All of the data should be repeated exactly; pictures are not part of the copy.

◆ **Provided data**:
++++++++++

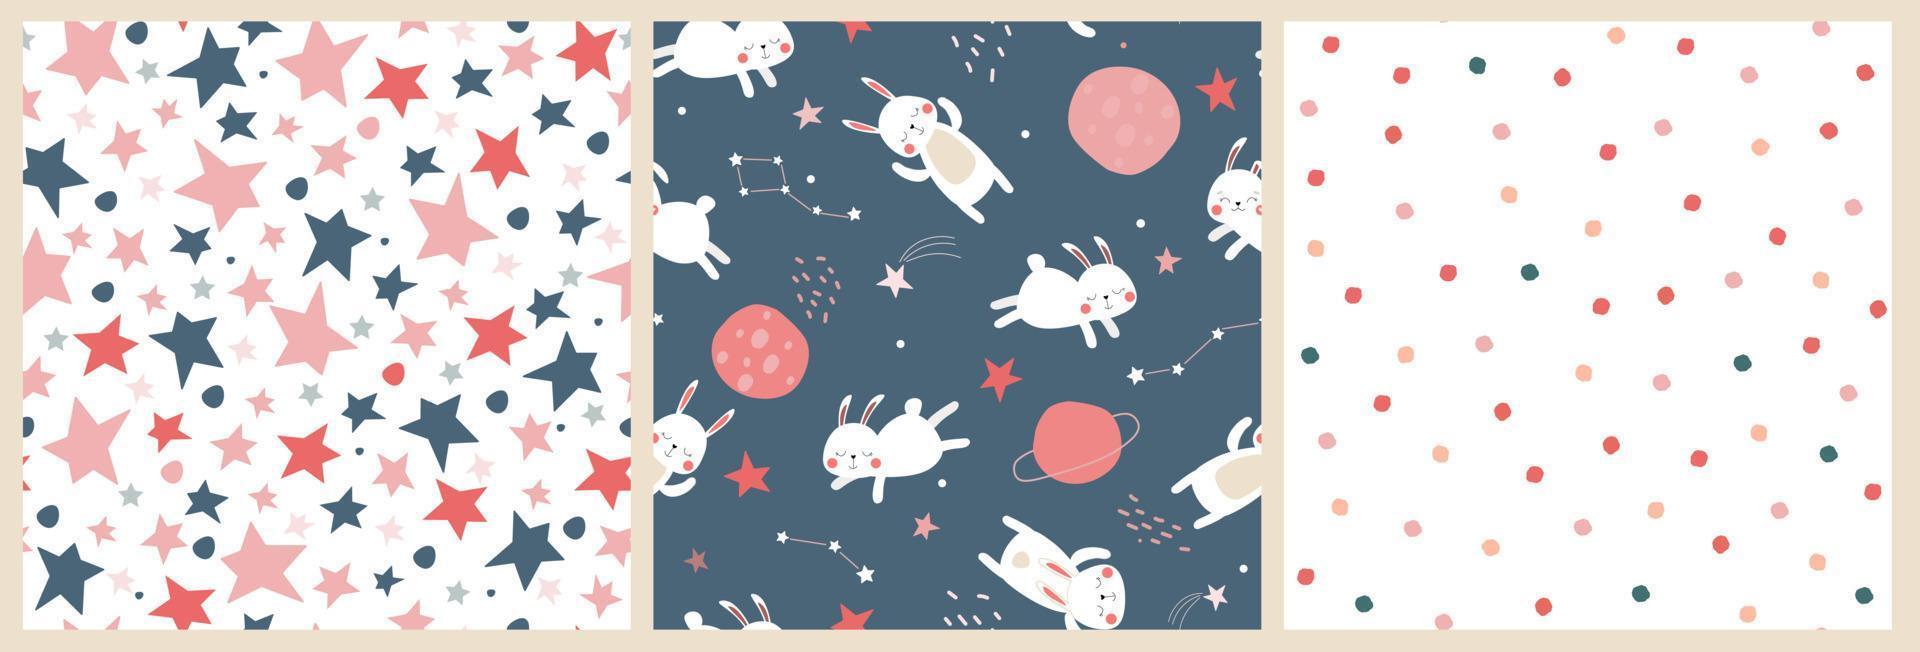 un conjunto de patrones sin fisuras con un lindo estampado de bebé con liebres en el espacio. los conejos dormidos vuelan en el cielo con estrellas y planetas. gráficos vectoriales vector
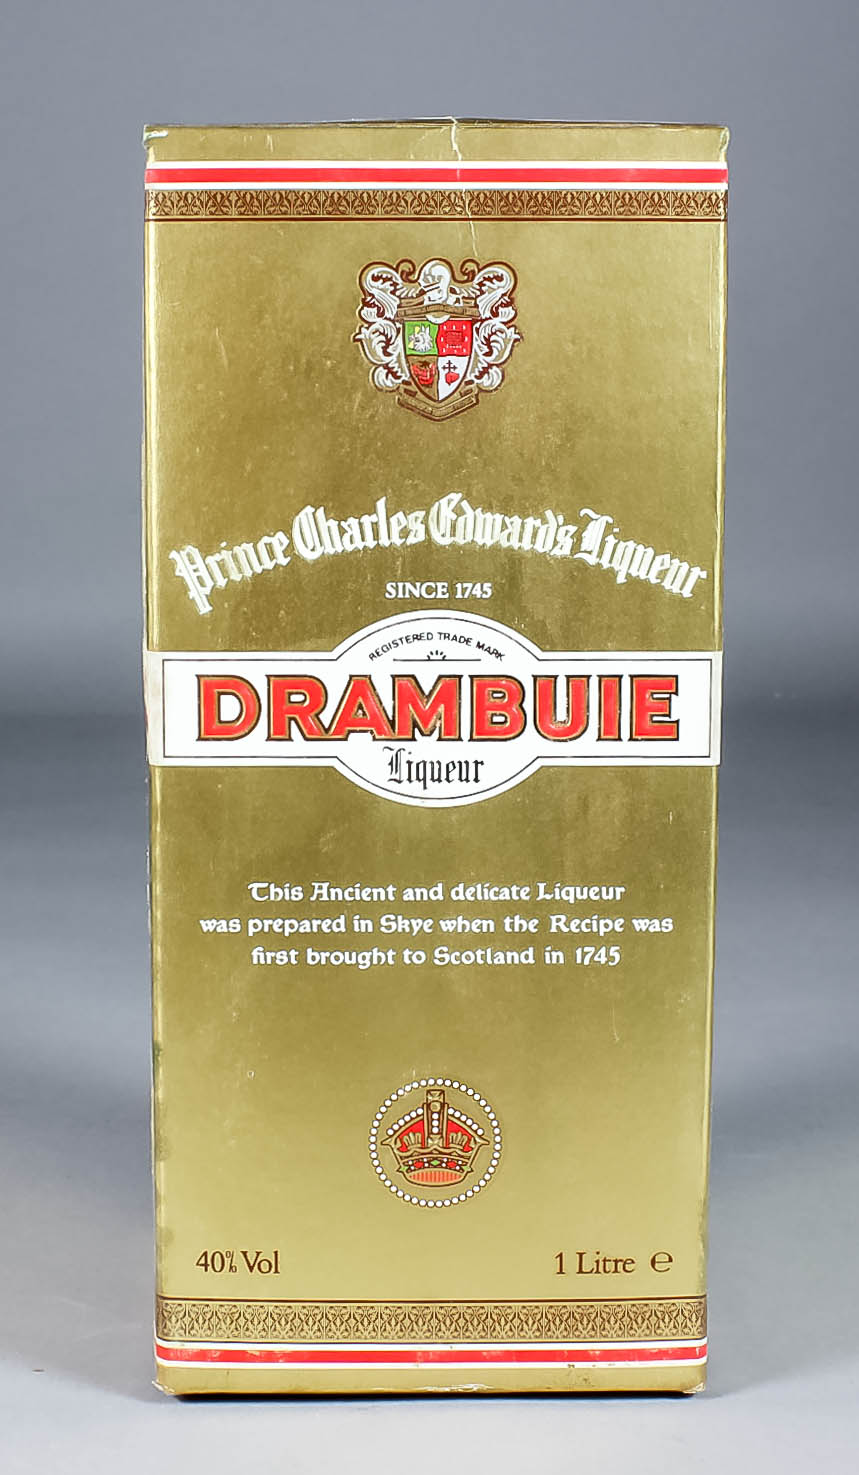 Eleven one litre bottles of Drambuie Scotch Liqueur (40% proof)
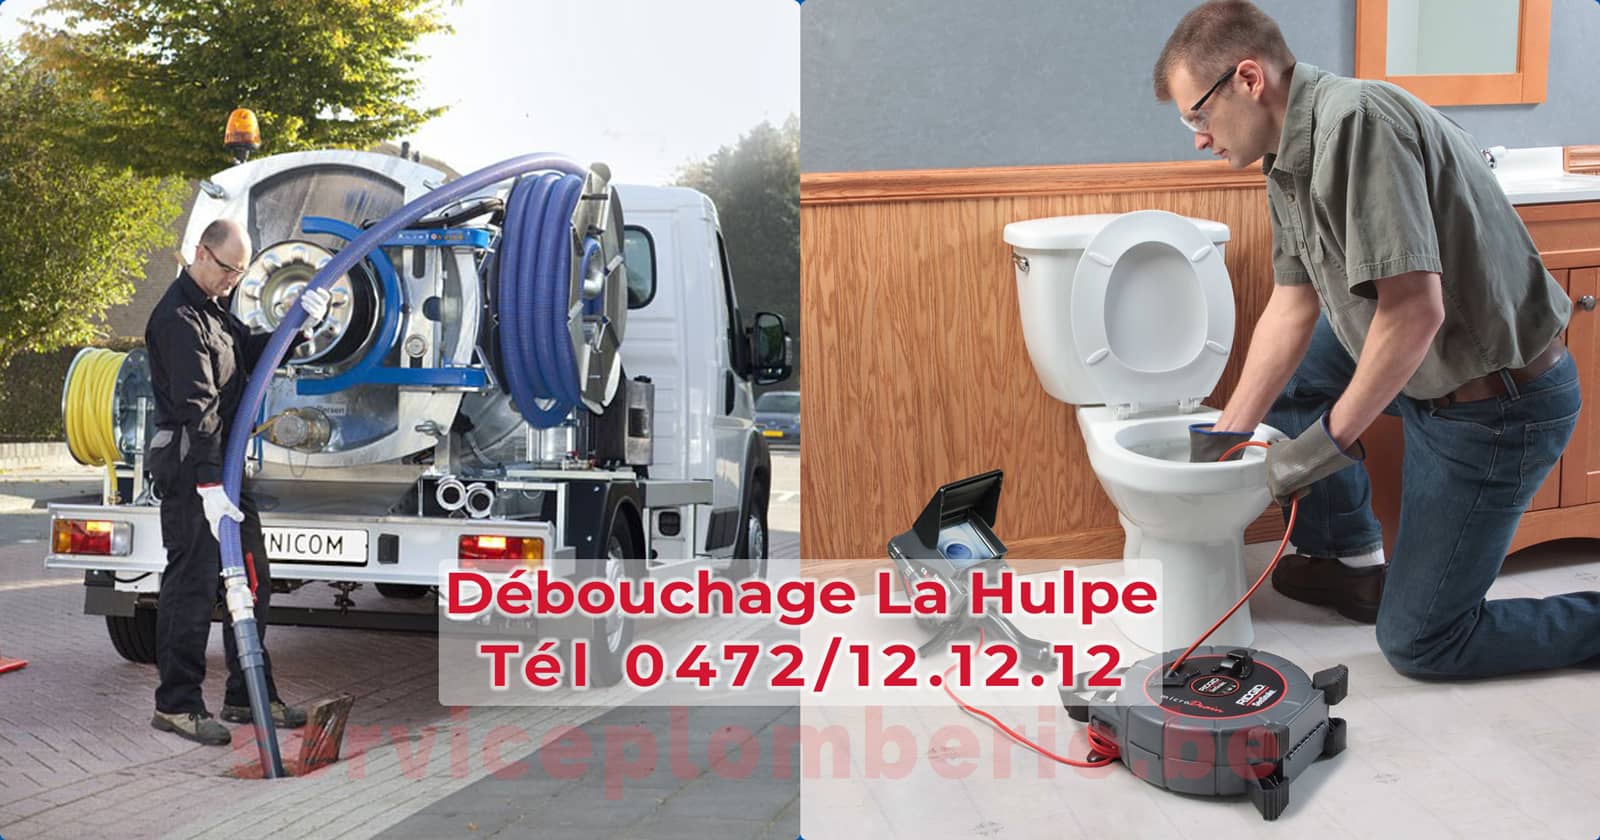 Débouchage La Hulpe d'égout Service Plomberie Tél 0472/12.12.12

++++++++++

◆ **Output below**:
 un conjunto de patrones sin fisuras con un lindo estampado de bebé con liebres en el espacio. los conejos dormidos vuelan en el cielo con estrellas y planetas. gráficos vectoriales vector
 Eleven one litre bottles of Drambuie Scotch Liqueur (40% proof)
 Débouchage La Hulpe d'égout Service Plomberie Tél 0472/12.12.12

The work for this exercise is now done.